Ministro Luís Roberto Barroso afirmou que a atuação se dá com base no art. 33 do CPC, o qual prevê a atuação da AGU em pedidos de cooperação internacional. Para Barroso, superar essa regra dependeria de declaração de inconstitucionalidade ou de alteração legislativa.
A AGU, representada em plenário pelo advogado da União Rodrigo Carmona, esclareceu que pelo menos 24 países adotam procedimento semelhante, sendo que em 19 deles a advocacia pública atua diretamente.
Segundo Carmona, nos casos em que a advocacia pública exerce essa função, estão incluídos: Austrália, Bulgária, duas unidades federativas do Canadá, Chile, República Dominicana, El Salvador, Itália, Jamaica, Malta, Peru, África do Sul, Espanha, Ucrânia, o Estado da Califórnia (EUA) e Uruguai.
Já nos países em que a função é desempenhada pelo Ministério Público, citou: Argentina, Bélgica, Colômbia, Chipre, França, Ilhas Maurício, Paraguai e Turquia.
O representante acrescentou que, no Brasil, existe um órgão nacional e unificado, o PNAE - Programa Nacional de Atuação em Ações de Adoção Internacional, responsável por esses procedimentos.
Dino, no entanto, insistiu que apresentará reserva quanto à compatibilidade da prática com o ordenamento brasileiro.
"Não acho próprio esse papel, até porque, do ponto de vista constitucional, quando temos o controle abstrato, há espaço para atuação da AGU. Mas não numa condição de parte em litígio privado."
Assista:
Regulamento específico
Ministro André Mendonça destacou a necessidade de a AGU editar regulamento específico sobre os procedimentos de representação em casos de restituição internacional de menores.
Segundo S. Exa., a experiência já existente quando a Advocacia da União é chamada a representar agentes públicos poderia servir de modelo. Nessas situações, a instituição avalia previamente a legitimidade do ato administrativo questionado para definir se prestará ou não a defesa.

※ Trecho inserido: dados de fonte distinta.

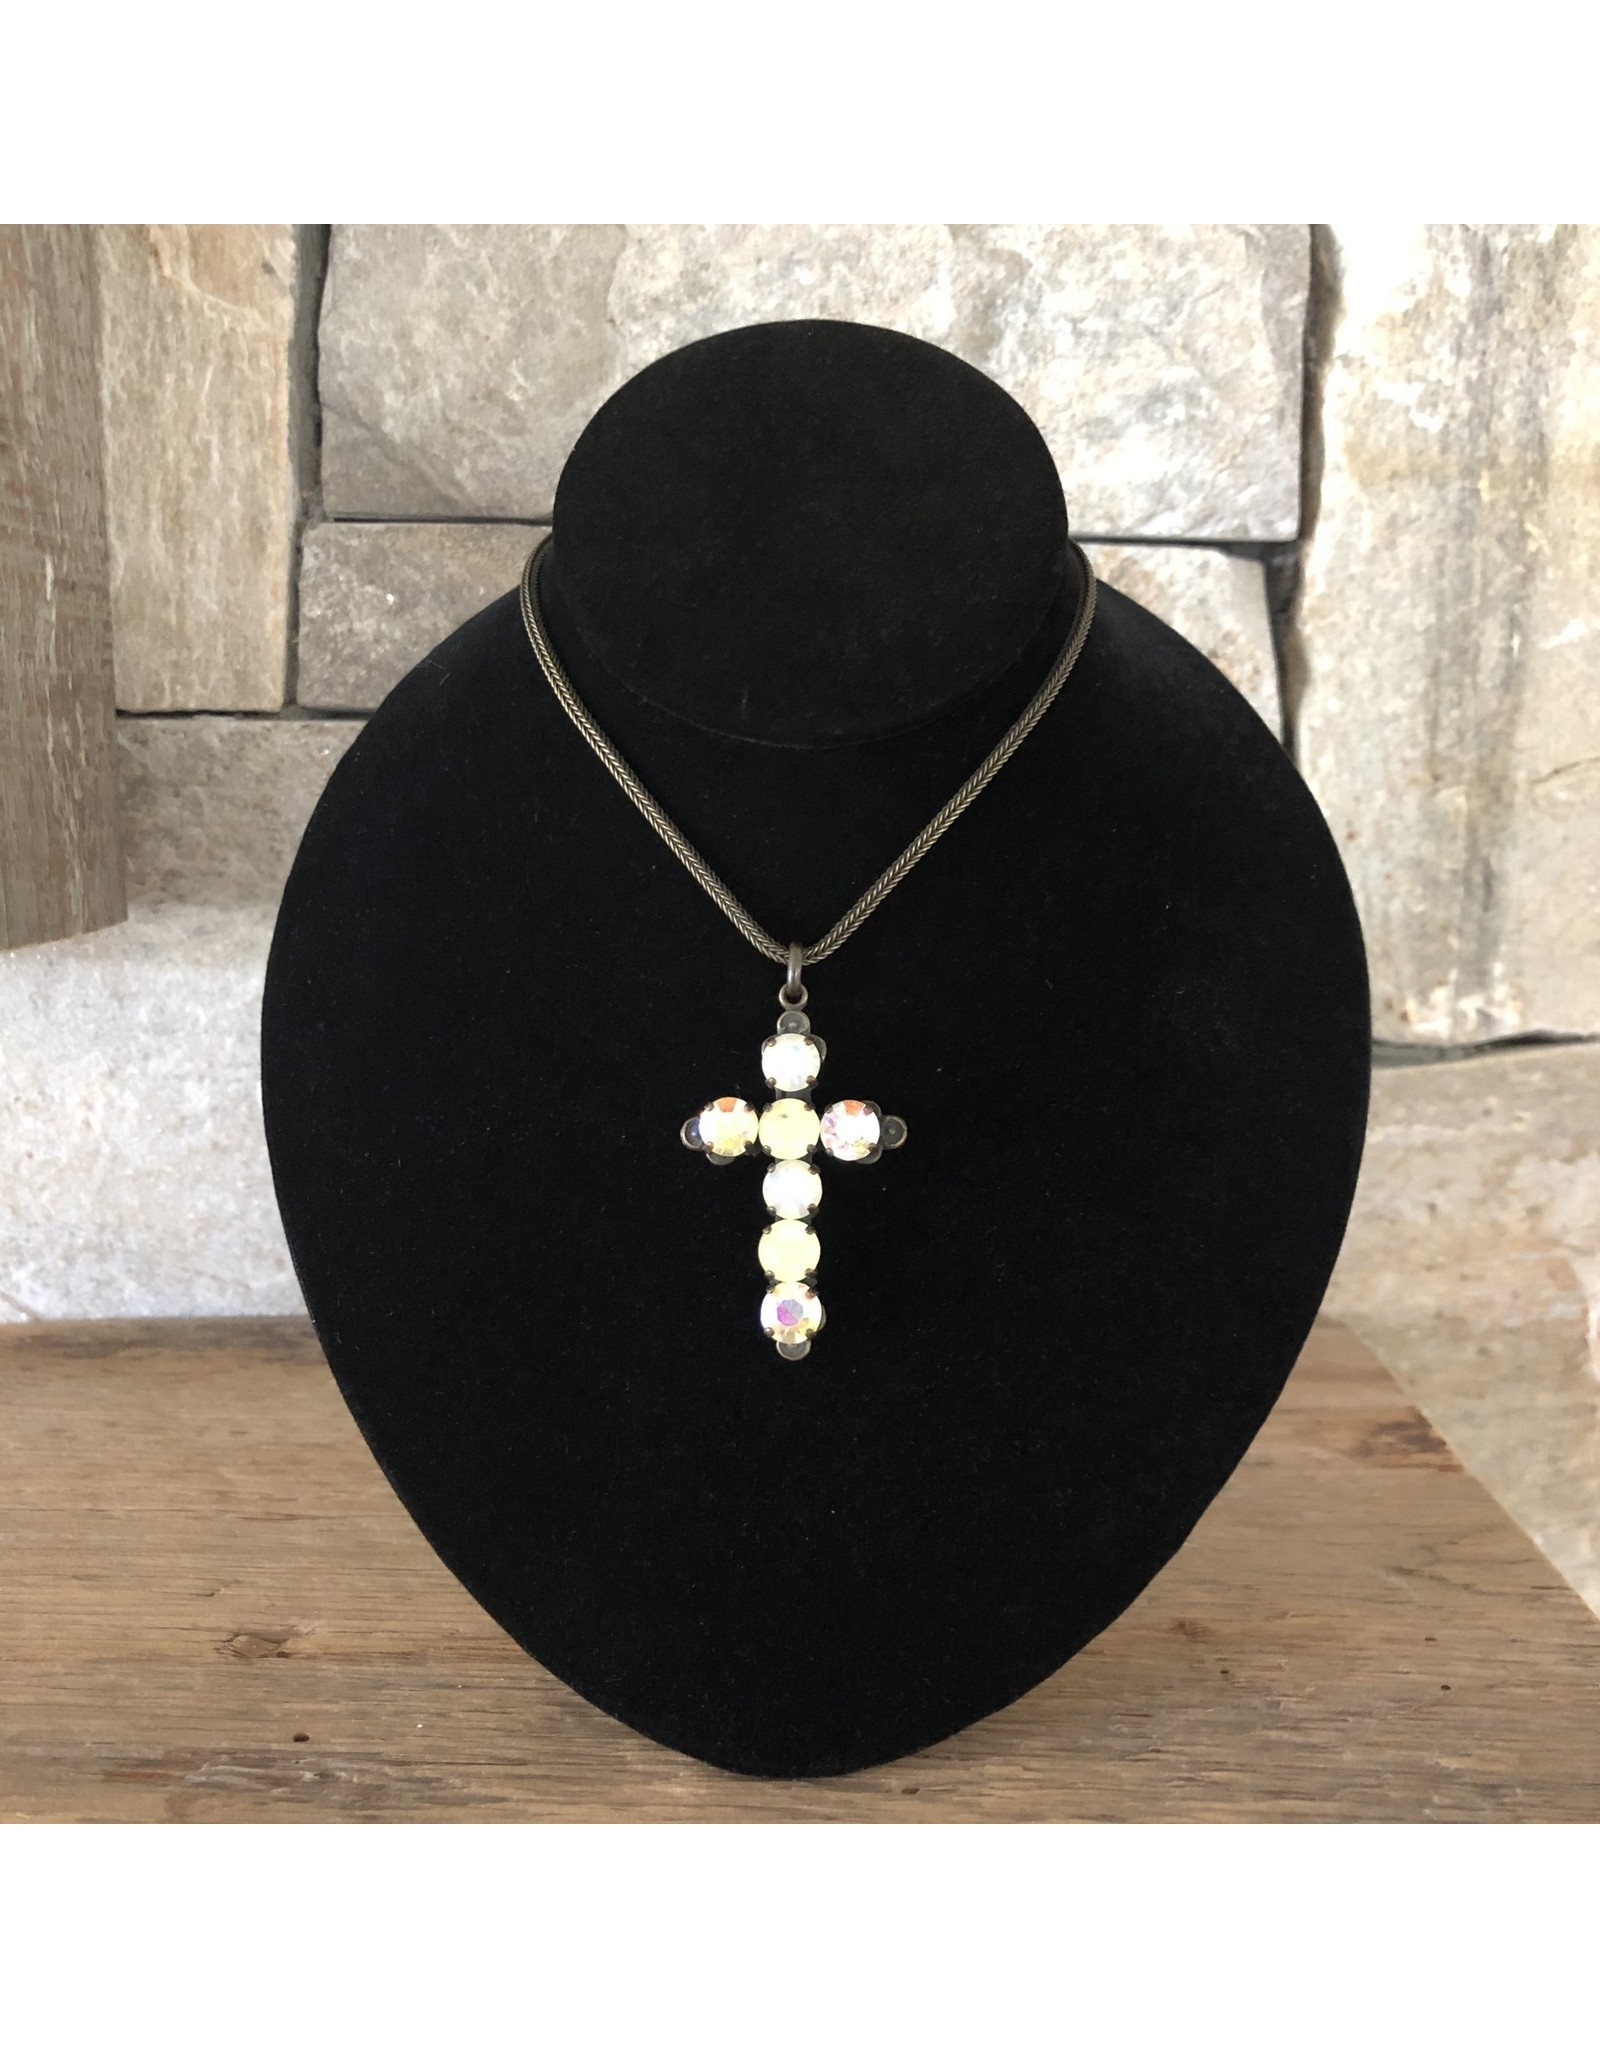 Jean Louis Blinn Yelllow Stones Small Cross Necklace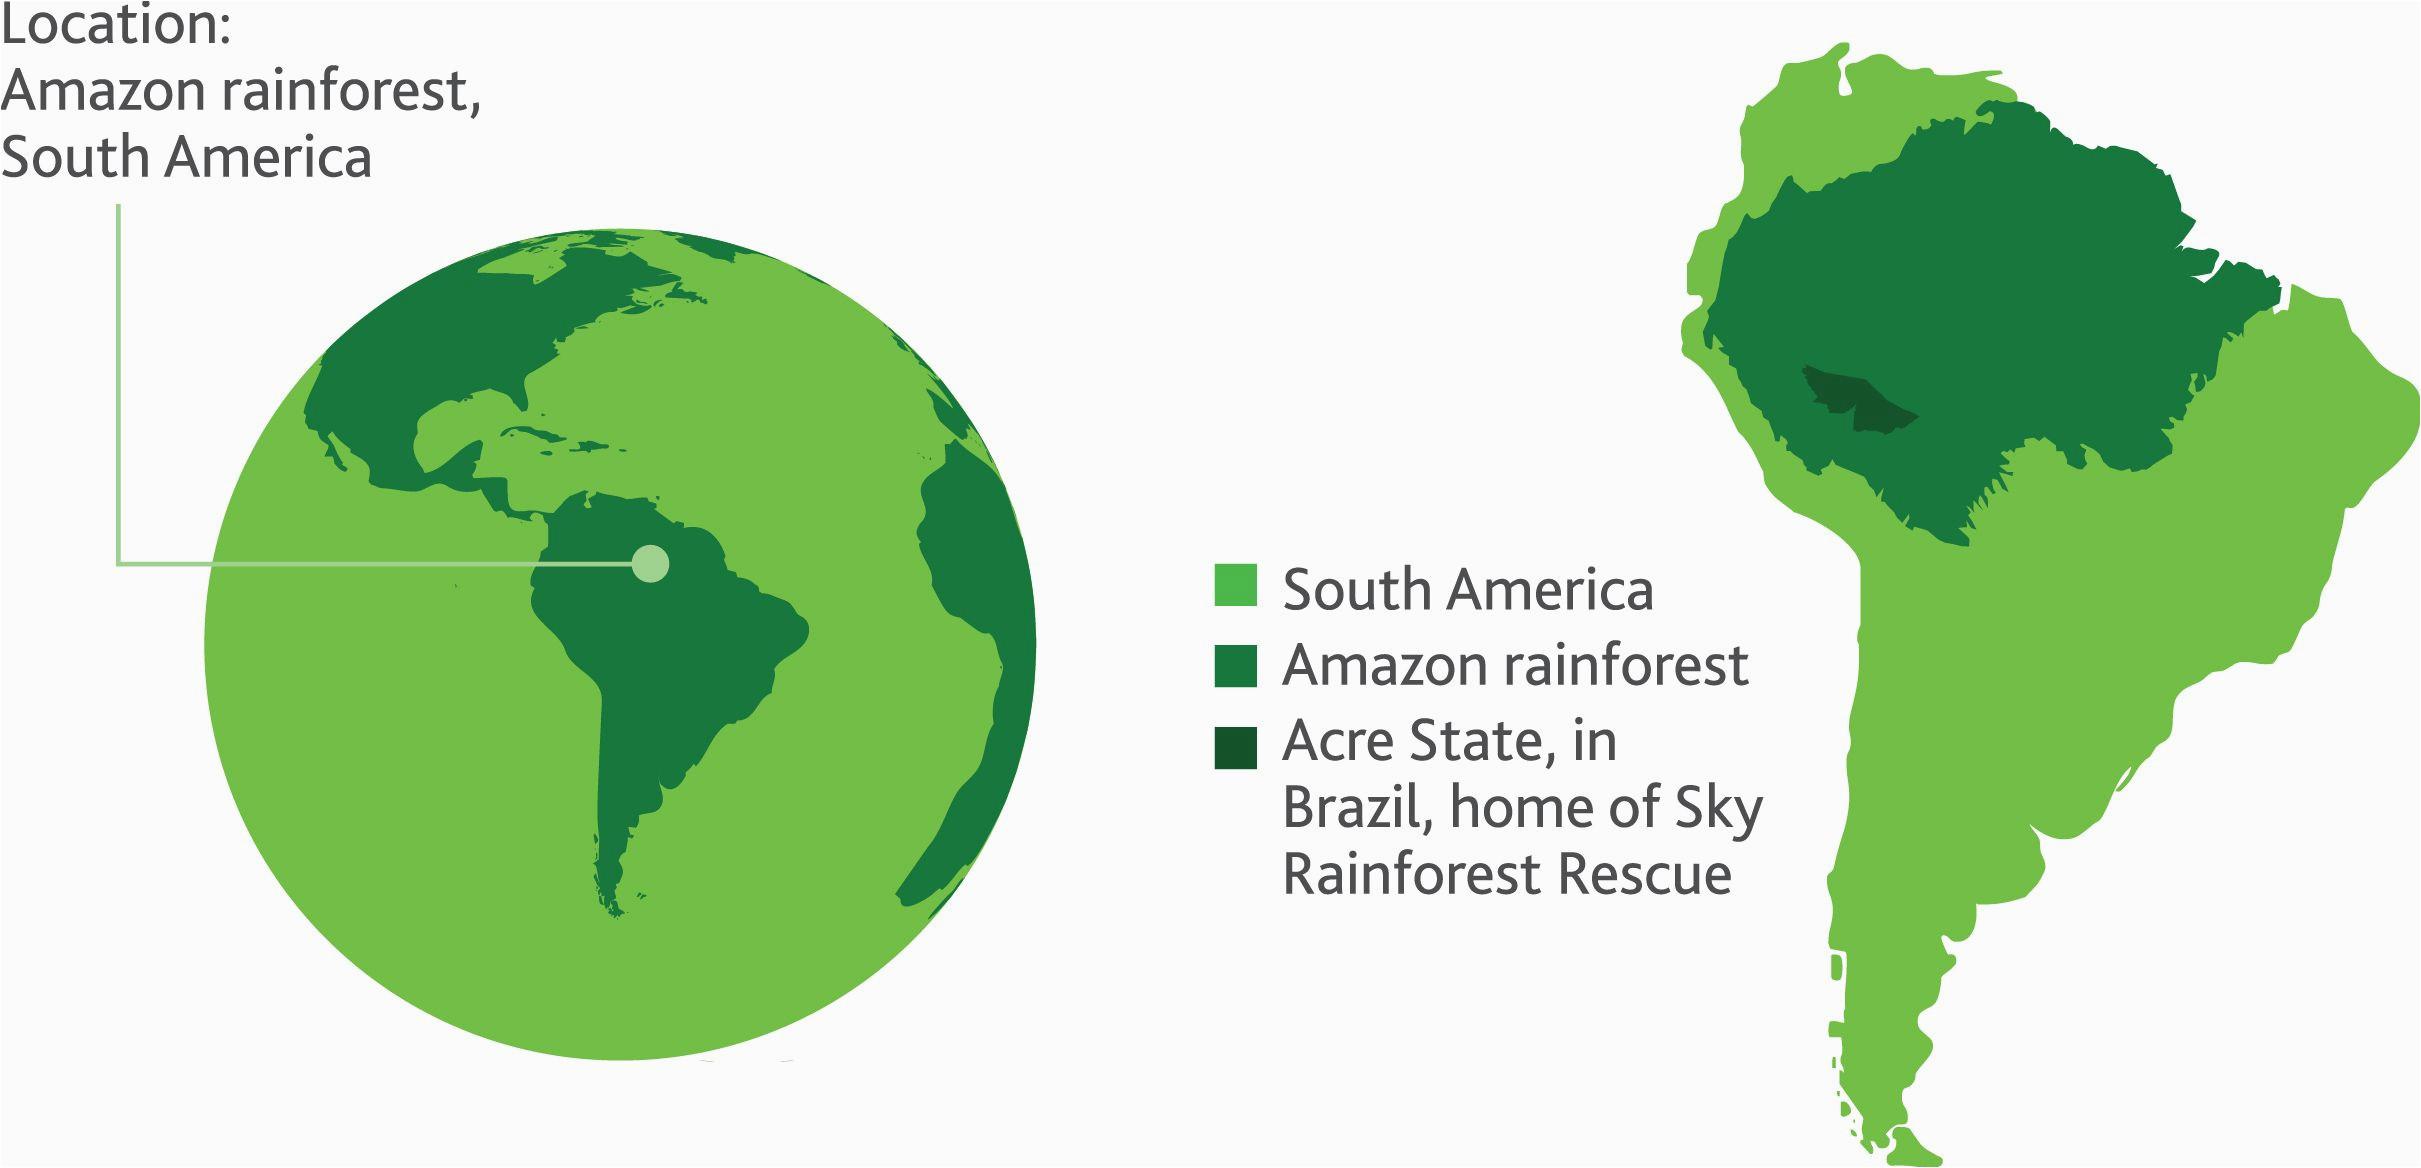 amazon rainforest map google search south america

Mendonça propôs que, nos casos de repatriação de crianças, a AGU faça análise semelhante: primeiro, na fase inicial do processo, verificando se estão presentes os pressupostos de legitimidade; depois, durante a tramitação, avaliando a continuidade da representação quando surgirem elementos que indiquem violência contra a mulher ou contra a criança.
"Quando se verifica que a representação é em relação a uma pessoa que praticou violência, e já há elementos suficientes nesse sentido, a AGU tem que reavaliar a sua posição", afirmou. Para o ministro, nessas hipóteses a instituição não estaria obrigada a manter a representação e, ao se abster, não violaria a Convenção da Haia.
Mendonça consignou em seu voto que a partir da decisão do Supremo a AGU deverá procedimentalizar sua atuação, estabelecendo critérios claros que considerem as premissas fixadas no julgamento.
Confira:
Atuação da AGU
A controvérsia expôs as diferenças entre as funções da AGU.
Prevista no art. 131 da CF e regulada pela LC 73/93, a advocacia-Geral tem como missão central representar judicial e extrajudicialmente a União, assegurando a defesa dos interesses diretos do Estado brasileiro.
No âmbito da cooperação jurídica internacional, como ocorre nos pedidos de repatriação de menores, o CPC (art. 33) atribui à AGU a incumbência de ajuizar medidas solicitadas pelo ministério da Justiça, que atua como Autoridade Central.
Trata-se, portanto, de uma atuação estatal voltada a cumprir obrigações assumidas em tratados.